---------- Information given ----------

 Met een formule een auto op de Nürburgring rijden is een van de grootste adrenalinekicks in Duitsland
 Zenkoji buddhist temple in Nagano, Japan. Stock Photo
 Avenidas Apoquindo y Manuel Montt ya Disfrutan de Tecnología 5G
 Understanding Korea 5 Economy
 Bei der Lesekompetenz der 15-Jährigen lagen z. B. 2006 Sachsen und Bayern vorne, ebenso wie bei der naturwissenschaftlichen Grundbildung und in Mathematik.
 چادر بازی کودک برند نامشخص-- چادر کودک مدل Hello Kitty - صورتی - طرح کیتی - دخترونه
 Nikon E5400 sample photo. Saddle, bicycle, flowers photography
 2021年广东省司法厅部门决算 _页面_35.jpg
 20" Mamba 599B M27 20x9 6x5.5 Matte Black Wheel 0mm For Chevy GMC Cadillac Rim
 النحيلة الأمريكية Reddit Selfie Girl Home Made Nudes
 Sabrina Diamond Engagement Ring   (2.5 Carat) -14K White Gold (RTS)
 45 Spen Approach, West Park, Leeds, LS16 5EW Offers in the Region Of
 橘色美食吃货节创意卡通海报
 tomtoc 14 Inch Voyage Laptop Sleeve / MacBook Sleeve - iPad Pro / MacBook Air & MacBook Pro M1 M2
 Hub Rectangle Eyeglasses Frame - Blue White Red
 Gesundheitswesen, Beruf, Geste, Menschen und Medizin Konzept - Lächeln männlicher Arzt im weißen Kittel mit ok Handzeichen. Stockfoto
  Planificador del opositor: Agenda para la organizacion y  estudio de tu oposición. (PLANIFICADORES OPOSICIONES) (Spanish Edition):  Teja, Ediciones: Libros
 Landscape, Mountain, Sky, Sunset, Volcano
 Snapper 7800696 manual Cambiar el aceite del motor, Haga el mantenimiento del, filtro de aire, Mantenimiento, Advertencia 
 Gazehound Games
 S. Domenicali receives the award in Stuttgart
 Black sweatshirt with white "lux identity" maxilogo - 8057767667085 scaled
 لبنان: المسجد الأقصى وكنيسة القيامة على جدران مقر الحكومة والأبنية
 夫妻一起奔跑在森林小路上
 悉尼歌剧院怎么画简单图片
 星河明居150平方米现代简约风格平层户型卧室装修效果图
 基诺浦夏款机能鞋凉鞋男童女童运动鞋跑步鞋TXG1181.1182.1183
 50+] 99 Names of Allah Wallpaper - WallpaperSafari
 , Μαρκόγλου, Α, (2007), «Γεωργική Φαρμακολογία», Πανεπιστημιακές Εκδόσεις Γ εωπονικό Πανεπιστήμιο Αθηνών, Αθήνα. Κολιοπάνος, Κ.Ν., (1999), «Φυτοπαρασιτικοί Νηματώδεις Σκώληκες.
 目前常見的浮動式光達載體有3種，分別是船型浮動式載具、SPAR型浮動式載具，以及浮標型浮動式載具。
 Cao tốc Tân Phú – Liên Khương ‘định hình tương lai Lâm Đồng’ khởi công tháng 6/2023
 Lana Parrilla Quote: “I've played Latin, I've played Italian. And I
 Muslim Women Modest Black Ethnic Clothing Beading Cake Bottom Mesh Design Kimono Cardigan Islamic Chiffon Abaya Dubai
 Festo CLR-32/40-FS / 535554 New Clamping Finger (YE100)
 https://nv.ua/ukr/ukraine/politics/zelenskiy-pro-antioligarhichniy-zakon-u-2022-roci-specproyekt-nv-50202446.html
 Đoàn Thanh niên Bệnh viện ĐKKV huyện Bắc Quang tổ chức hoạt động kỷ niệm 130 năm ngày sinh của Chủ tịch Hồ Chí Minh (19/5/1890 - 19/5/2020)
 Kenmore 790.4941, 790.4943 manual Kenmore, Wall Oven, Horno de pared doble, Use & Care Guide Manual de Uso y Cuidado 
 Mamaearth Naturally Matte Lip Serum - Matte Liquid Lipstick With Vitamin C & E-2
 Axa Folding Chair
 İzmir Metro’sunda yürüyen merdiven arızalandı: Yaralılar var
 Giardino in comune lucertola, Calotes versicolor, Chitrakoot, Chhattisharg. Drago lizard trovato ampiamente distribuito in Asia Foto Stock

----------

_Work request:_ Copy out the entries above exactly as given, starting at the top and ending with the line containing "Understanding Korea 5 Economy"; include both and nothing more.

_Your response:_
 Met een formule een auto op de Nürburgring rijden is een van de grootste adrenalinekicks in Duitsland
 Zenkoji buddhist temple in Nagano, Japan. Stock Photo
 Avenidas Apoquindo y Manuel Montt ya Disfrutan de Tecnología 5G
 Understanding Korea 5 Economy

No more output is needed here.